_DATA EXCERPT_
"""
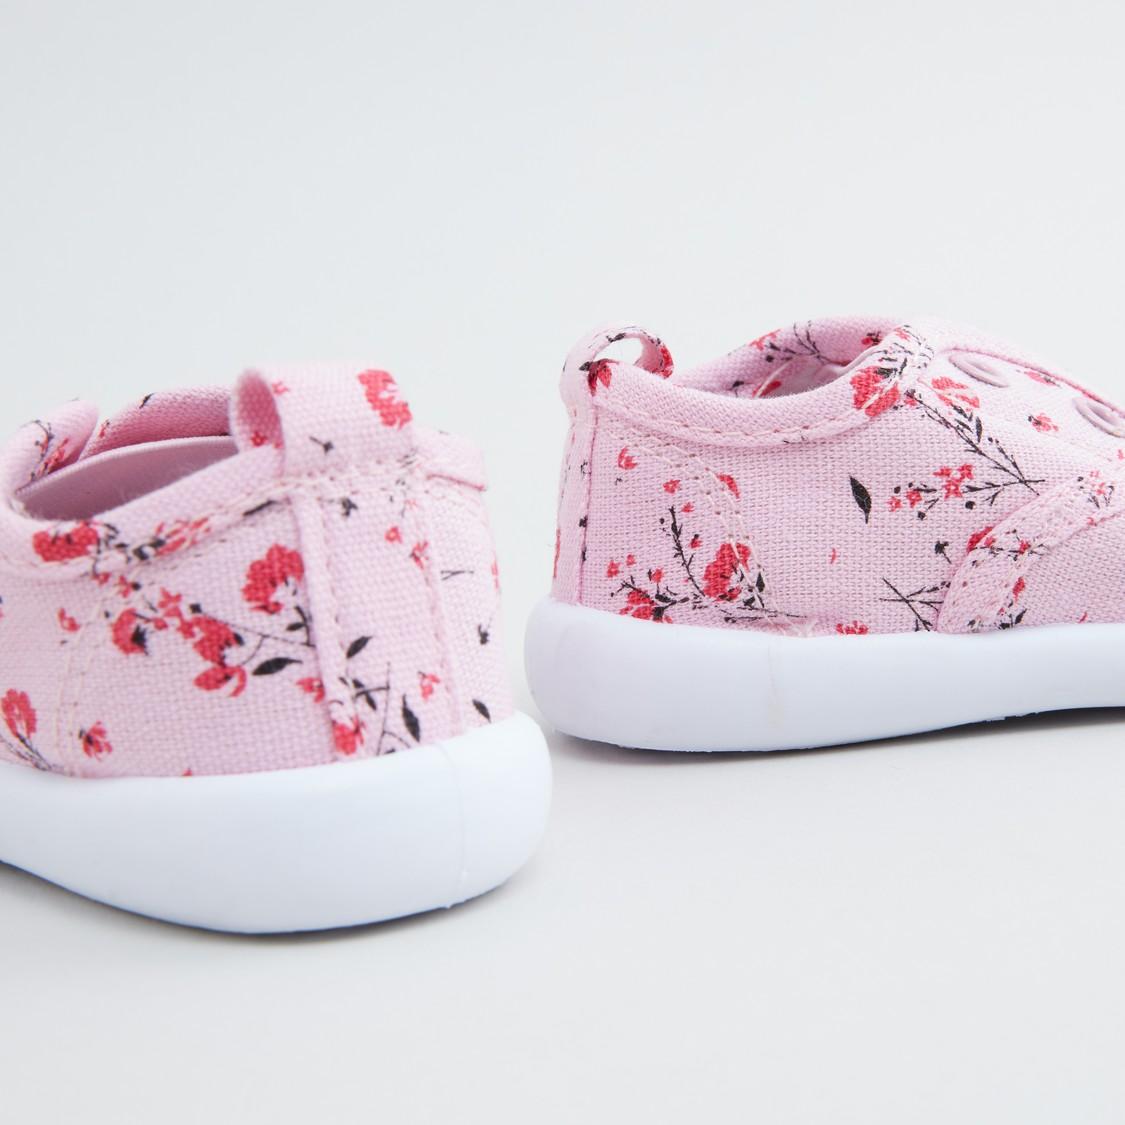 حذاء سهل الارتداء بطبعات أزهار
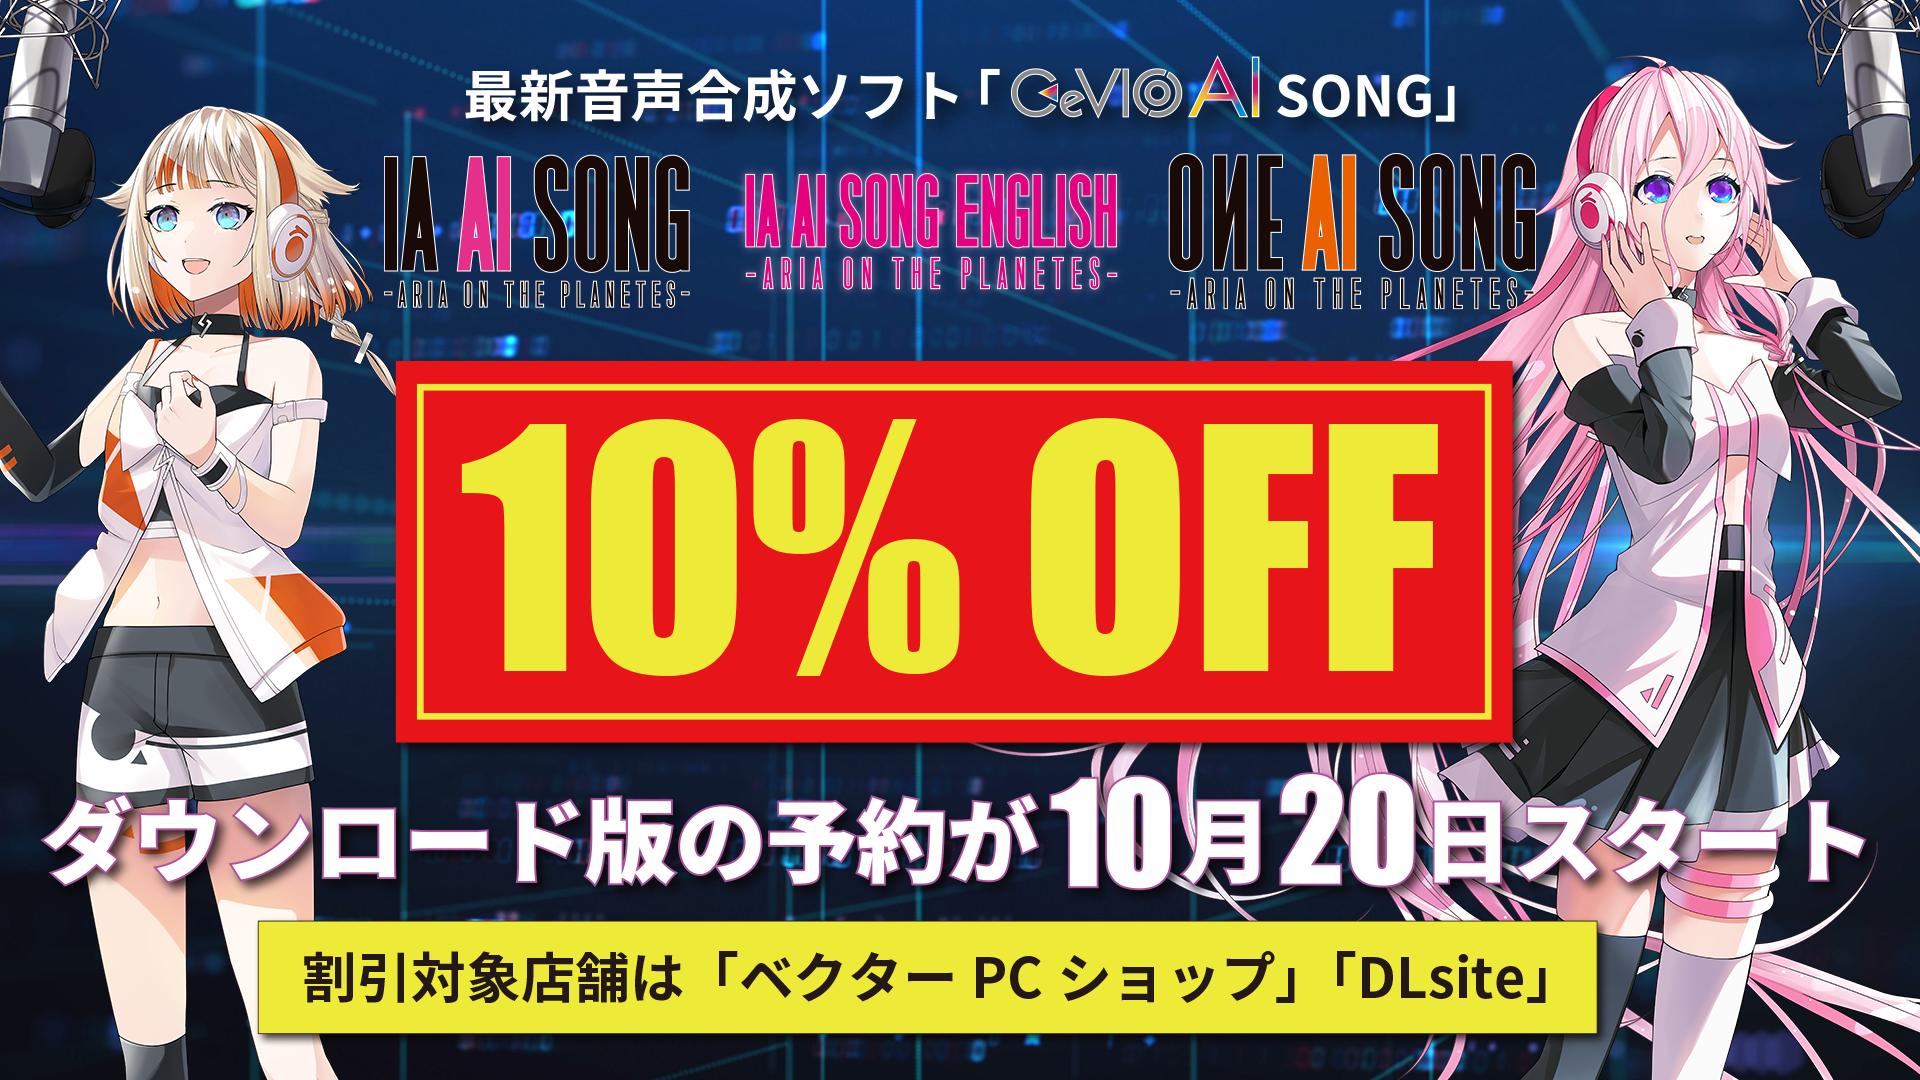 【10%OFF】明日10/20 AM10:00より「IA AI SONG日本語&英語」がDLsite、ベクターPCショップで予約受付が開始!
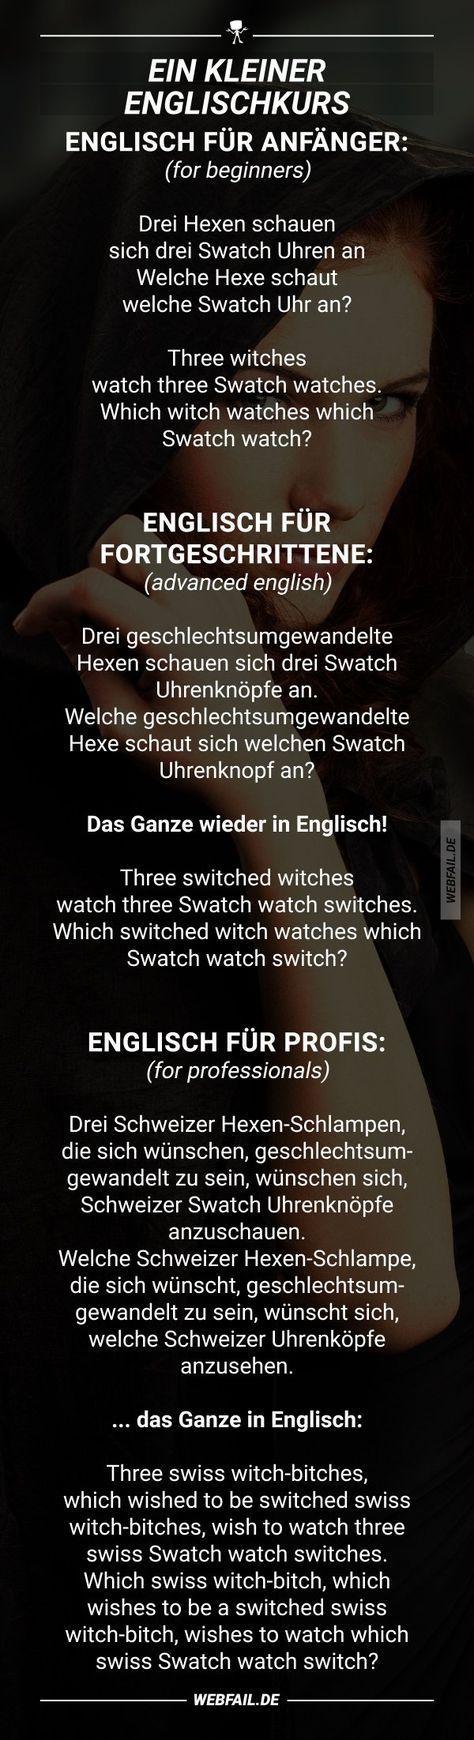 Ein kleiner Englischkurs #kleinerbalkon
"""
_WHAT YOU WILL DO_
From the material above, copy everything exactly but the pictures.

_WRITTEN RESPONSE_
 حذاء سهل الارتداء بطبعات أزهار
 【10%OFF】明日10/20 AM10:00より「IA AI SONG日本語&英語」がDLsite、ベクターPCショップで予約受付が開始!
 Ein kleiner Englischkurs #kleinerbalkon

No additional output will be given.